INFORMATION SHOWN:
◇ ◇ ◇ ◇

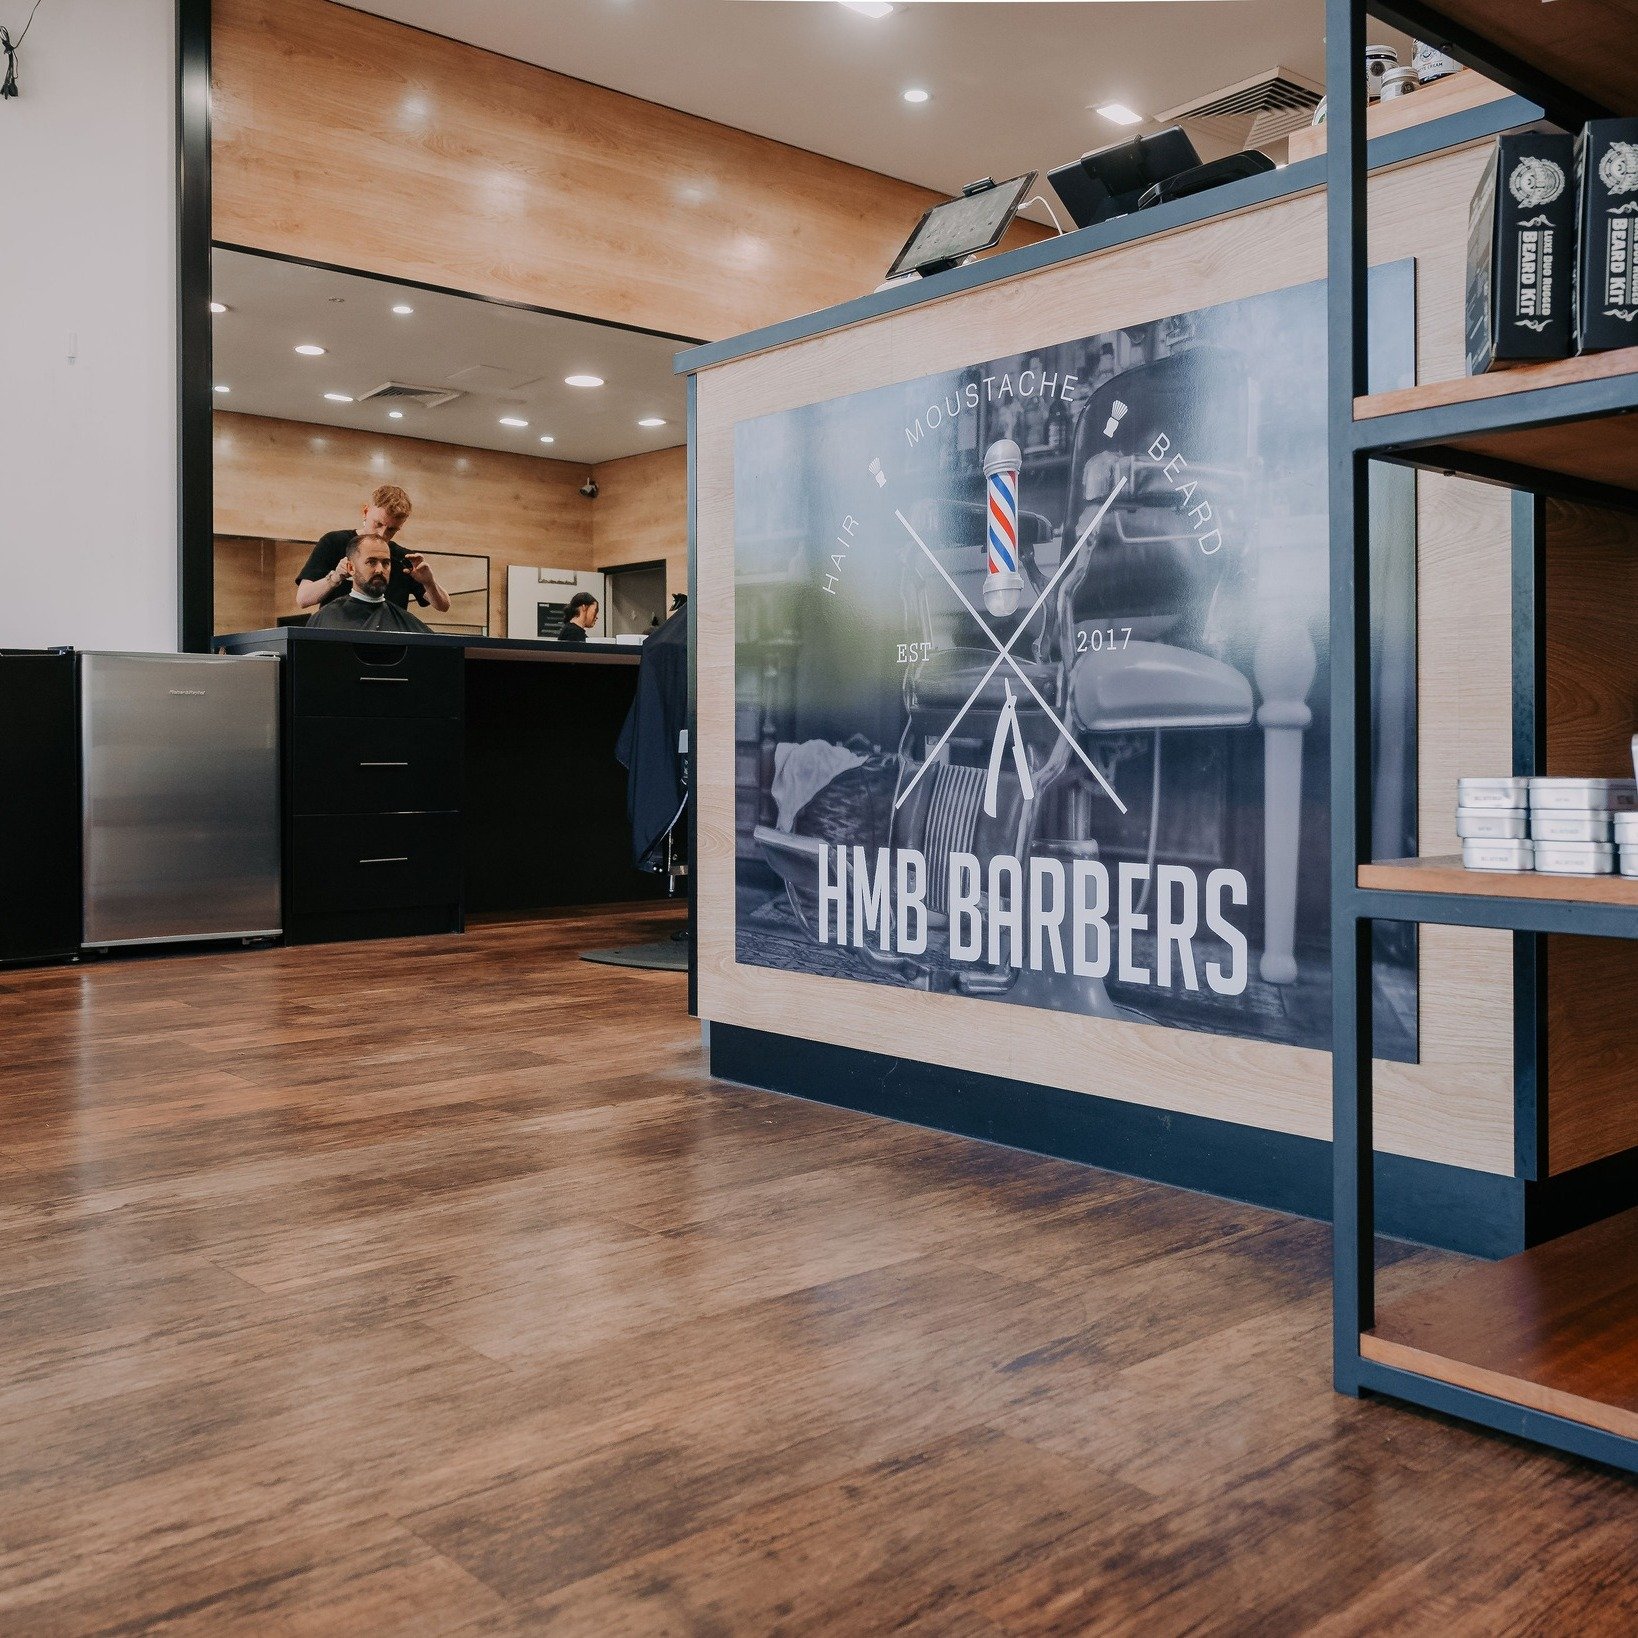 Time for a freshen up? We've got you sorted for the long weekend! What are your plans for the long weekend? Let us know in the comments!

&quot;#hmbbarbers #hmb #barberfade #haircut #barberlife
#barbershopconnect #barberlove #fade #beard
#burstfade #

◇ ◇ ◇ ◇

Copy the lines above exactly. Do not include pictures.

THE ANSWER:
 Time for a freshen up? We've got you sorted for the long weekend! What are your plans for the long weekend? Let us know in the comments!

&quot;#hmbbarbers #hmb #barberfade #haircut #barberlife
#barbershopconnect #barberlove #fade #beard
#burstfade #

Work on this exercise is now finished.